A Systematic Study of Data Modalities and Strategies for Co-training Large Behavior Models for Robot Manipulation


Fanqi Lin, Kushal Arora, Jean Mercat, Haruki Nishimura, Paarth Shah, Chen Xu, Mengchao Zhang, Mark Zolotas, Maya Angeles, Owen Pfannenstiehl, Andrew Beaulieu, Jose Barreiros

Paper ID 7

Session Manipulation 1

Poster session details TBA

Abstract: Large behavior models (LBMs) have shown strong dexterous manipulation capabilities by extending imitation learning to large-scale training on extensive multi-task robot data, yet their generalization remains limited by the insufficient coverage of available robot data.

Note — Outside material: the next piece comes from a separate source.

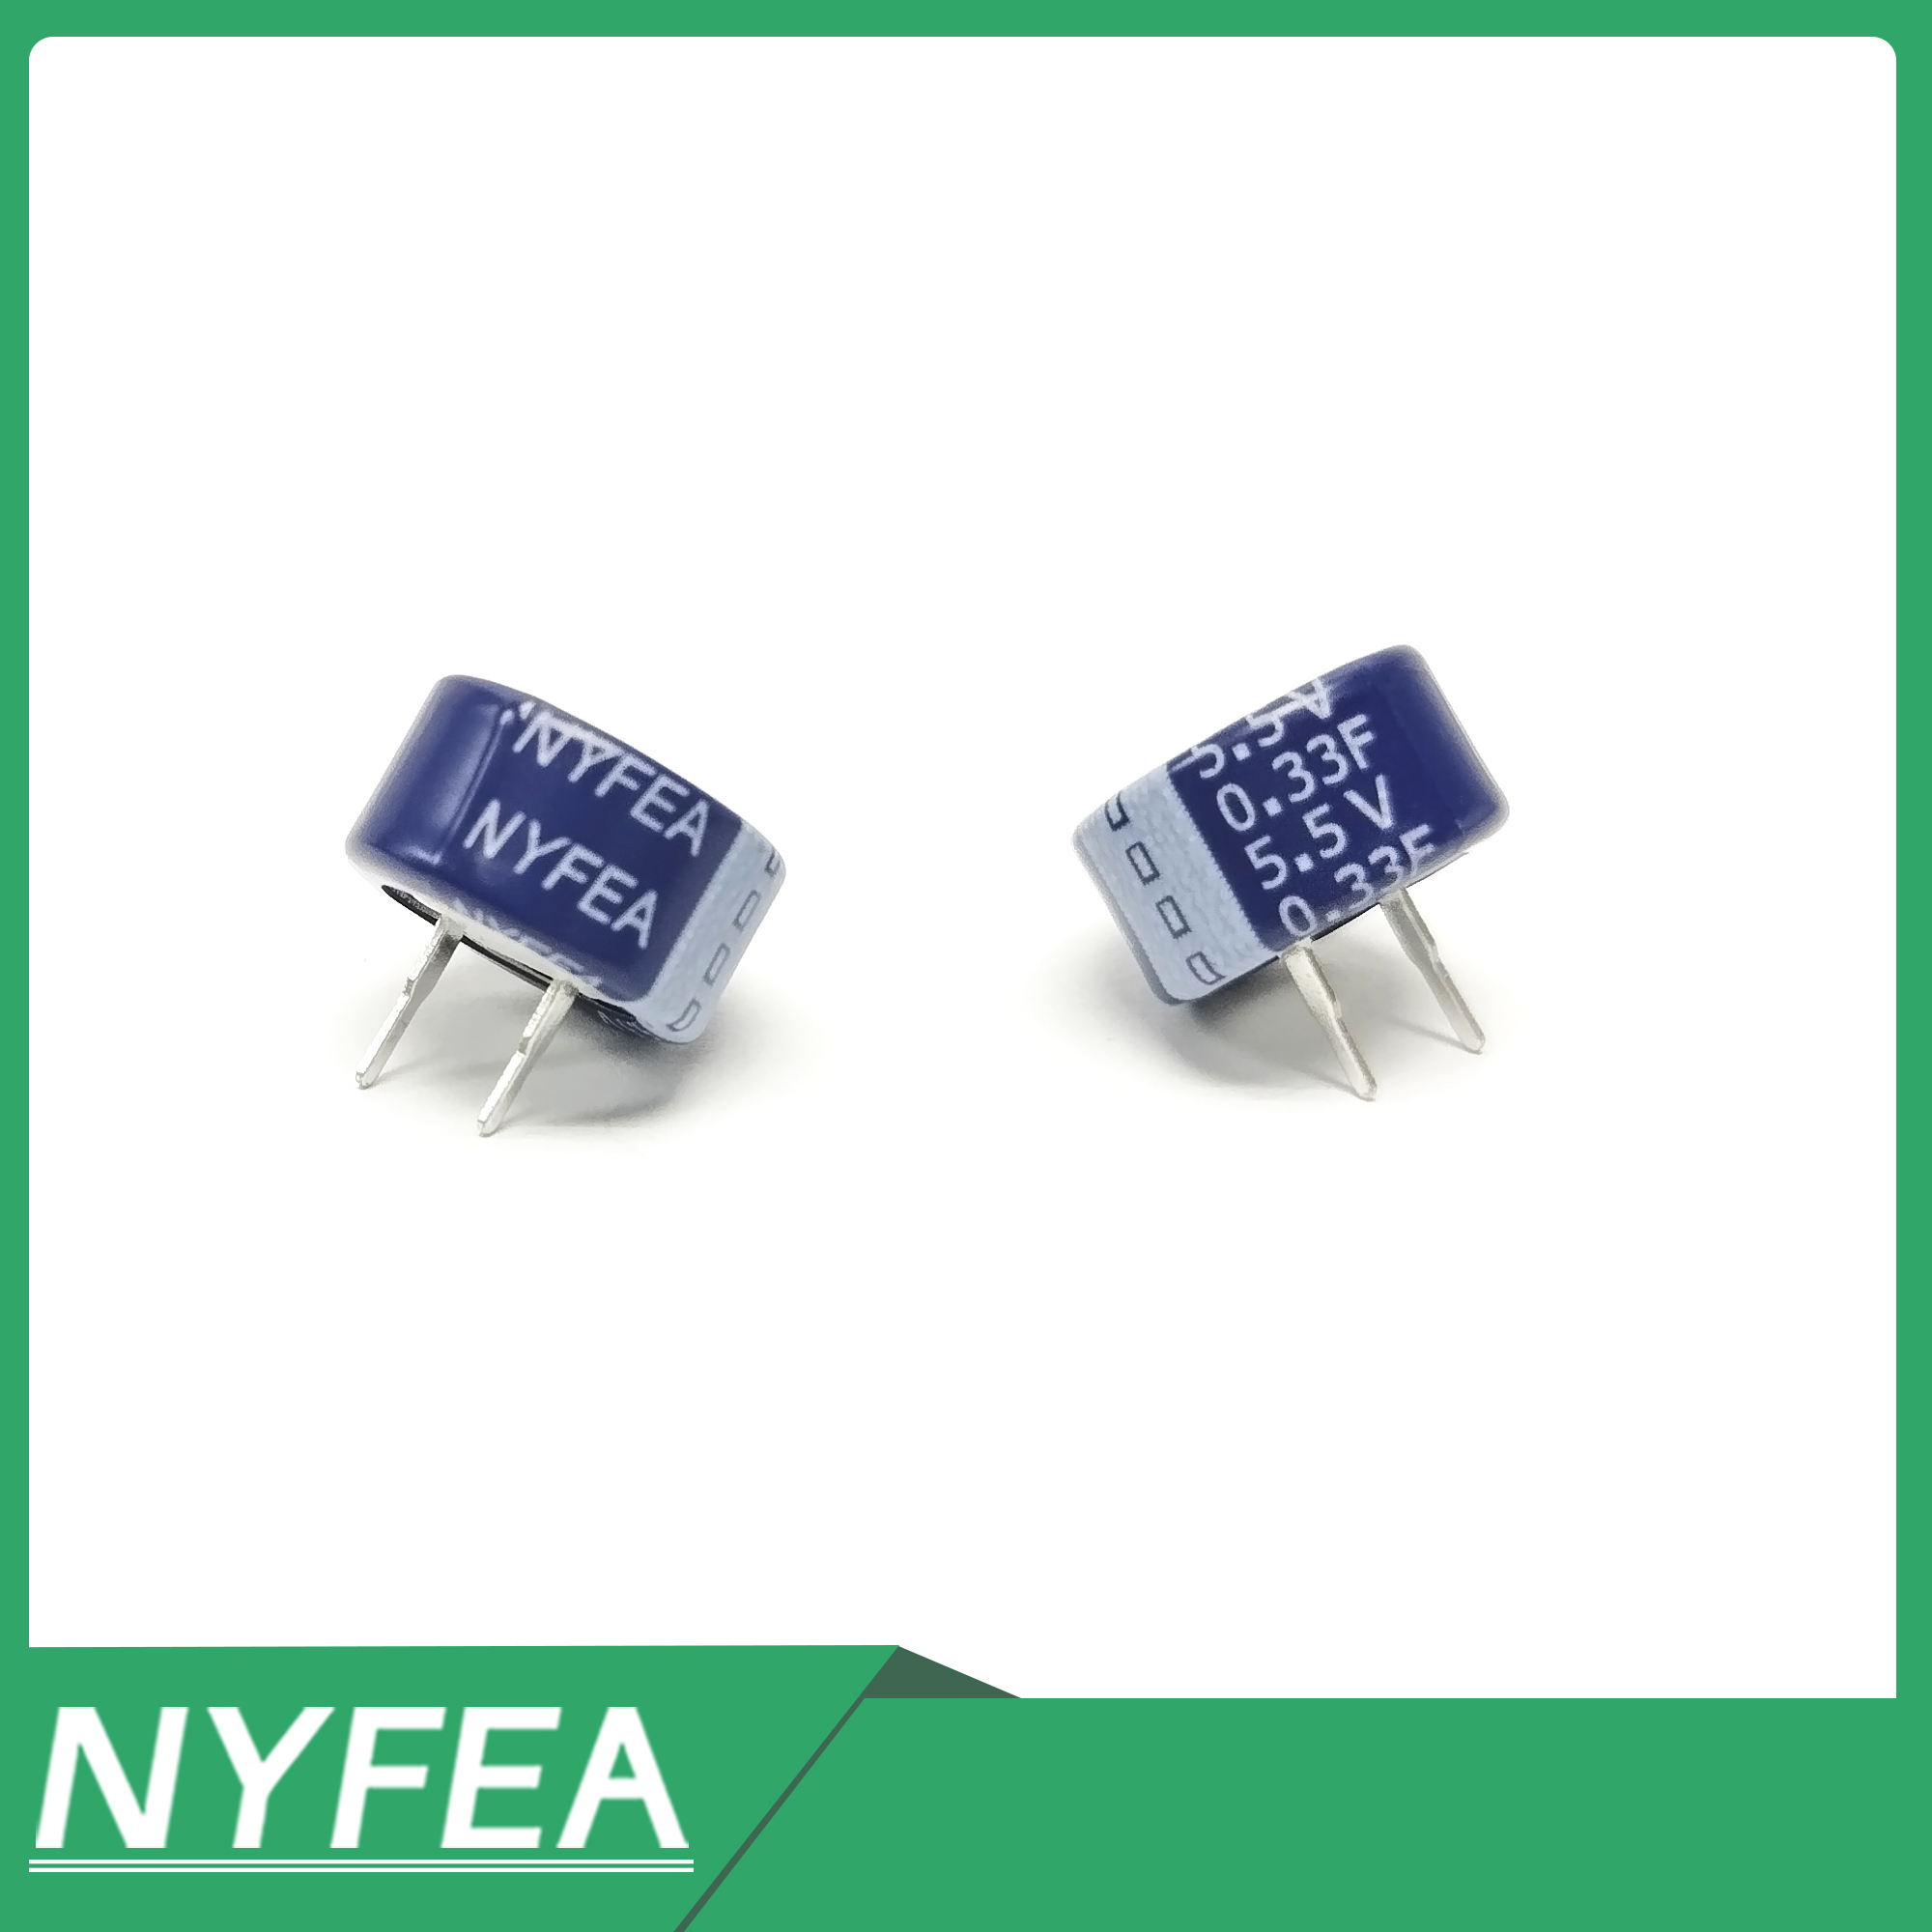 元器件应用中的法拉电容NYFEA推出2.7v，超小型纽扣式法拉电容

To expand this coverage without costly additional data collection, recent work increasingly relies on co-training: jointly learning from target robot data and heterogeneous data modalities. However, how different co-training data modalities and training strategies affect policy performance remains poorly understood. We present a large-scale empirical study examining five co-training data modalities—standard vision-language data, dense language annotations for robot trajectories, cross-embodiment robot data, human videos, and discrete robot action tokens—across single- and multi-phase training strategies. Our study leverages 4,000 hours of robot and human manipulation data and 50M vision–language samples to train vision-language-action (VLA) policies. We evaluate 89 policies over 58,000 simulation rollouts and 2,835 real-world rollouts. Our results show that co-training with various forms of vision-language and cross-embodiment robot data substantially improves generalization to distribution shifts, unseen tasks, and language following, while discrete action token variants yield no statistically significant benefits. Furthermore, combining effective modalities produces cumulative gains and enables rapid adaptation to unseen long-horizon dexterous tasks via fine-tuning. Together, these results provide a systematic understanding of co-training and practical guidance for building scalable generalist robot policies.